Voice of Freedom was well-received by critics and landed on many "best of" lists. It won the 2016 John Steptoe New Talent Illustrator Award was named an honor book for the 2016 Boston Globe–Horn Book Award, Caldecott Medal, and Sibert Medal.

== Style ==
Voice of Freedom is written in a poetic style through a series of standalone free-verse poems that, as a collection, tell Hamer's life story. Booklist's Amina Chaudhri found that the book's poems "stand alone as successfully as they link together".

== Reception ==

=== Reviews ===
Voice of Freedom was well-received by critics, including starred reviews from Booklist, Kirkus Reviews, and School Library Journal.

Booklist's Amina Chaudhri described Voice of Freedom as "bold, unapologetic, and beautiful", while Kirkus Reviews referred to it as "bold, honest, informative, and unforgettable".

According to Chaudri, this "stunning biography" walks readers "beside [Hamer] through tears and smiles on a remarkable journey of resilience and determination that leaves us transformed". Chaudri argued that Weatherford "rendered Hamer’s voice so precisely that it is like sitting at her knee as she tells her story". Kirkus Reviews discussed how the "expansive, richly illustrated biography" includes both joyful moments from Hamer's life, as well as "painful truths", noting that "Hamer’s determination, perseverance, and unwavering resolve come through on every page". Taniguchi similarly found that the "lyrical text in verse emphasizes the activist's perseverance and courage, as she let her booming voice be heard".

Chaudhri also highlighted how "Holmes’ multimedia collages perfectly capture the essence of each poem", noting that, "like Hamer’s life, the illustrations are filled with light, texture, movement, and darkness. They are both abstract and realistic, brilliantly juxtaposing gentle floral motifs with protest placards and Fannie Lou Hamer’s face in bold relief". Kirkus Reviews found that the "quiltlike collage illustrations emphasize the importance Hamer placed on community among African-Americans".

=== Awards and honors ===
Voice of Freedom is a Junior Library Guild book.

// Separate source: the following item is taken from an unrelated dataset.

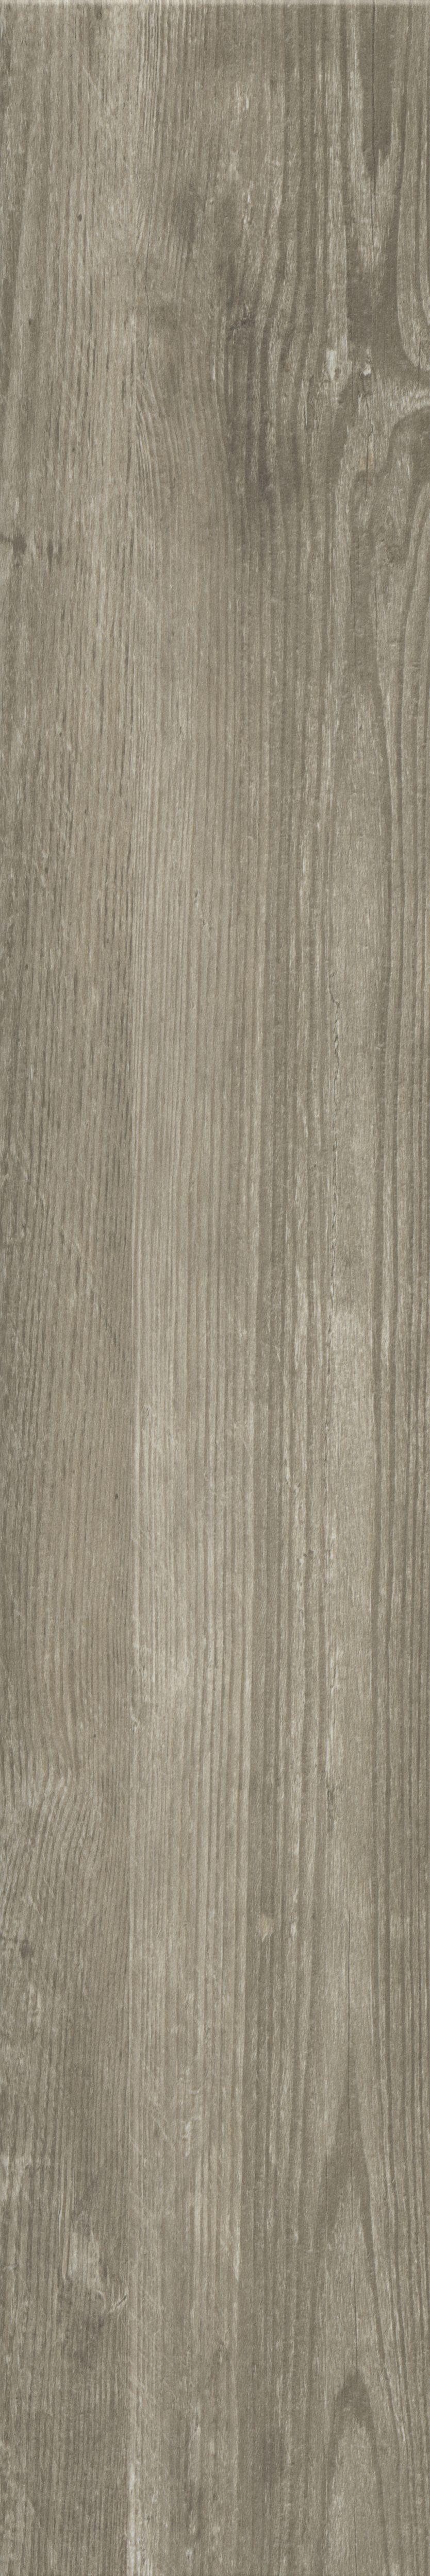 Damaso Beige Wood Effect Porcelain Floor Tile, Pack Of 8, (l)900mm (w)150mm

The Horn Book Magazine included Voice of Freedom on their list of the best nonfiction books of 2015. The Chicago Public Library included it on their list of the "Best Informational Books for Older Readers of 2015". Bank Street College of Education included it on their list of the best books for children ages nine to twelve.

In 2015, Booklist included Voice of Freedom on their "Booklist Editors' Choice: Books for Youth" list. The following year, they included it on their list of the year's "Top 10 Biographies for Youth". The American Library Association also named it on the Amelia Bloomer List, and the Association for Library Service to Children named it a Notable Children's Book. The International Literacy Association's Children's Literature and Reading Special Interest Group named it among their Notable Books for a Global Society.

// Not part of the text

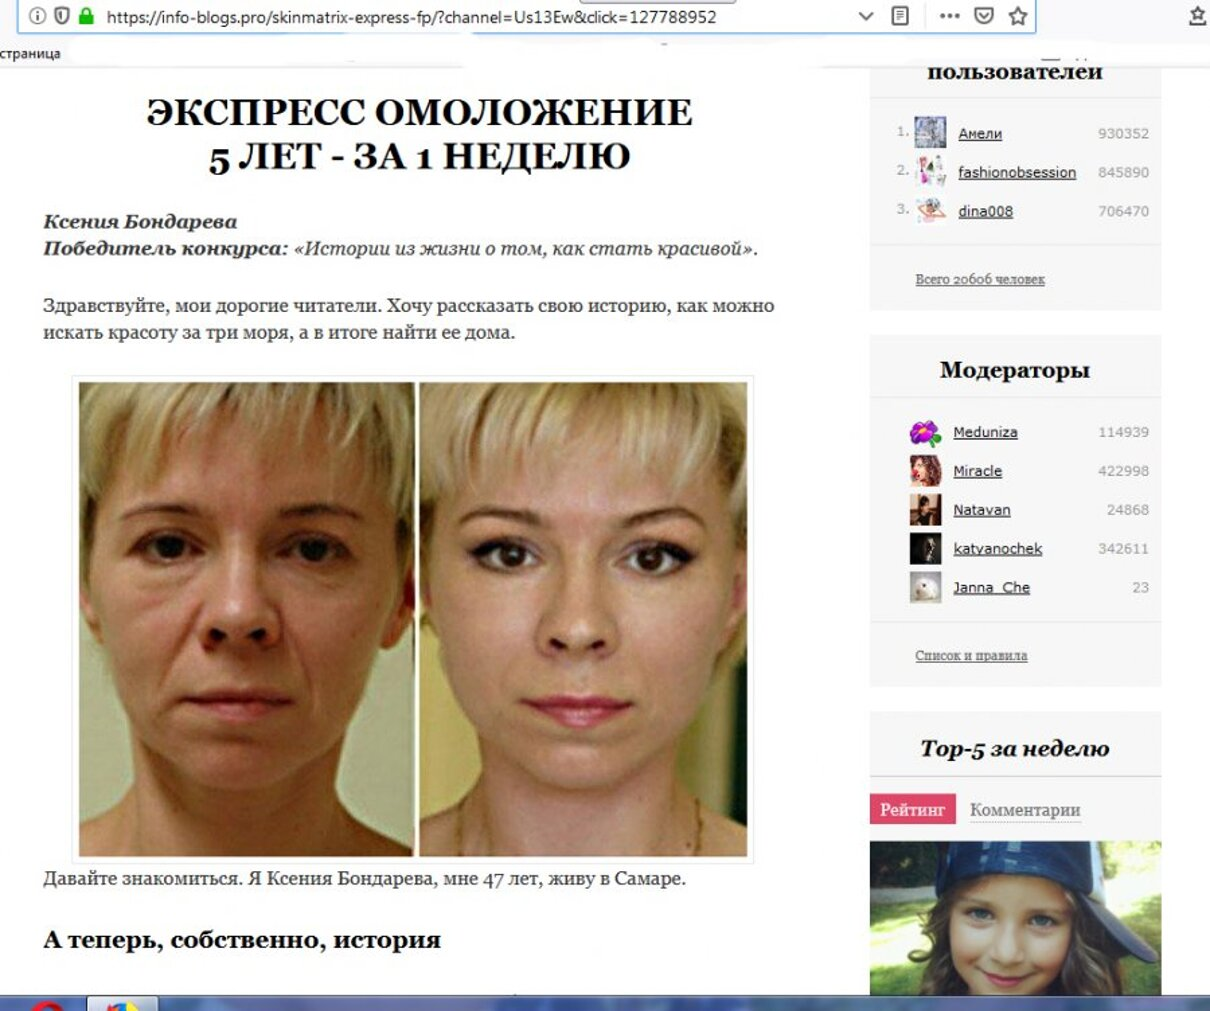 Жалоба-отзыв: Назойливая и недостоверная реклама - Средства для размещения фотографий после пластических операций

Awards for Voice of Freedom
| Year | Award | Result | Ref. |
| 2016 | Boston Globe–Horn Book Award for Non-fiction | Honor |  |
| Caldecott Medal for Illustrator | Honor |  |
| John Steptoe New Talent Illustrator Award | Won |  |
| Sibert Medal | Honor |  |
| 2017 | Audie Award for Young Listeners' Title | Finalist |  |

== Adaptations ==
In July 2016, Voice of Freedom was released as a 34-minute video by Dreamscape.

Booklist provided the film a starred review, and included the film on their 2016 "Booklist Editors' Choice: Video" list. According to Candace Smith's review, "Narrator Janina Edwards does a masterful job voicing Hamer" and highlighted how, while "singing a few lyrics of 'This Little Light of Mine,' Edwards embodies Hamer’s triumphant spirit". Smith also noted how "swirling animation adds a dreamy movement to Ekua Holmes’ multimedia collages, which strikingly fit with the poetic language".